◆ RECORDS PROVIDED
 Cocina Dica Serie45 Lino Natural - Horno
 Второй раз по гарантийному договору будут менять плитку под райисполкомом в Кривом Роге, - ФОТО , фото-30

==

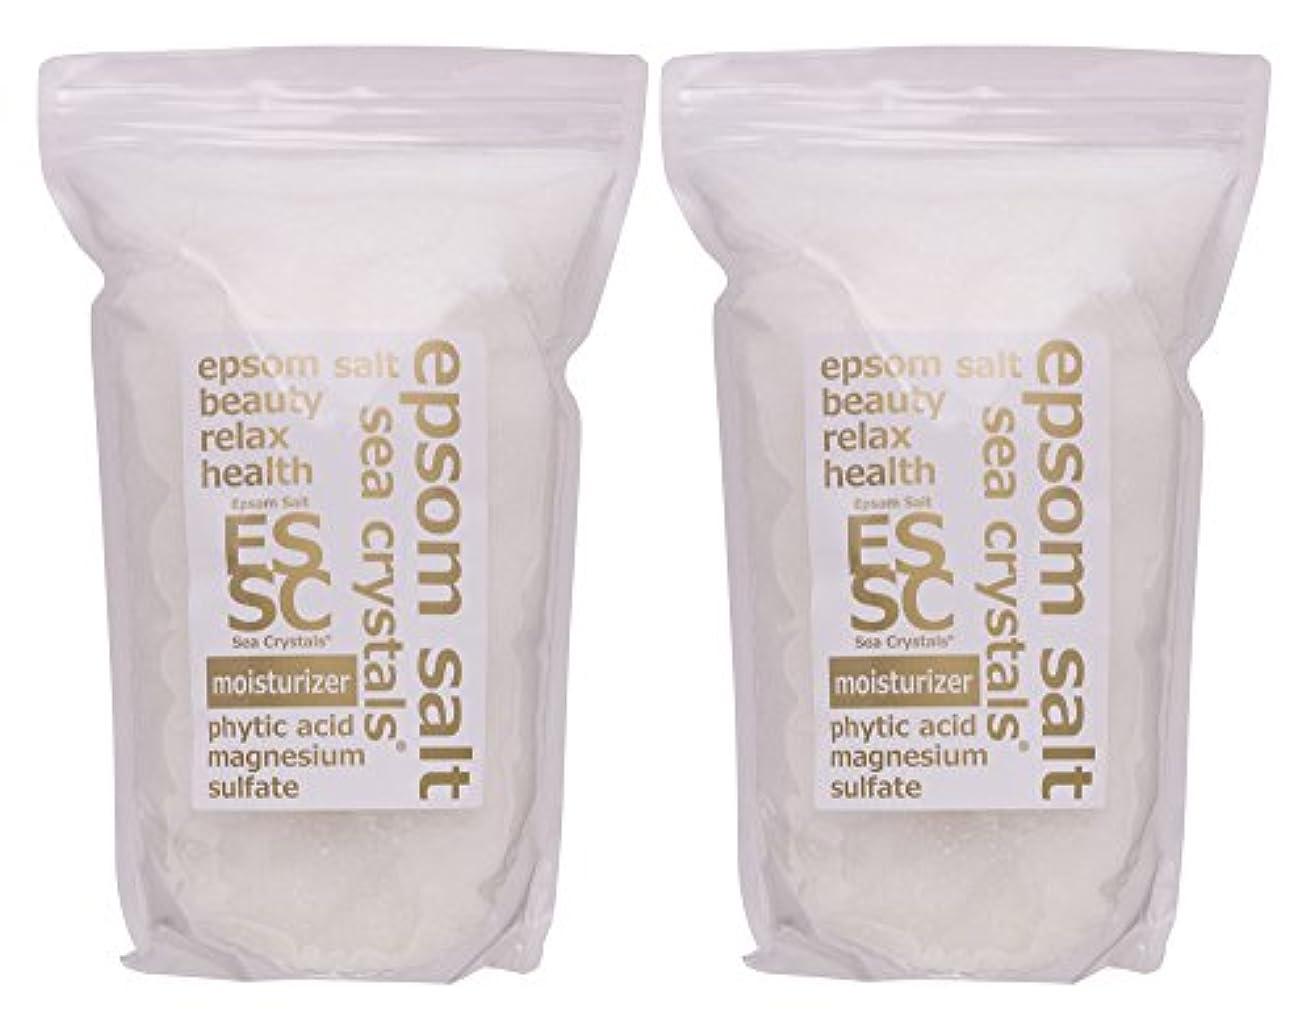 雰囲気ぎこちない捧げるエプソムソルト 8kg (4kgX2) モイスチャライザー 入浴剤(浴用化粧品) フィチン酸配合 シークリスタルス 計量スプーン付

◆ EXERCISE INSTRUCTIONS
Once you find the line with "Cocina Dica Serie45 Lino Natural - Horno" in the entries above, output it and each line after it up to and including the line with "Второй раз по", and nothing else.

◆ COMPLETED EXERCISE
 Cocina Dica Serie45 Lino Natural - Horno
 Второй раз по гарантийному договору будут менять плитку под райисполкомом в Кривом Роге, - ФОТО , фото-30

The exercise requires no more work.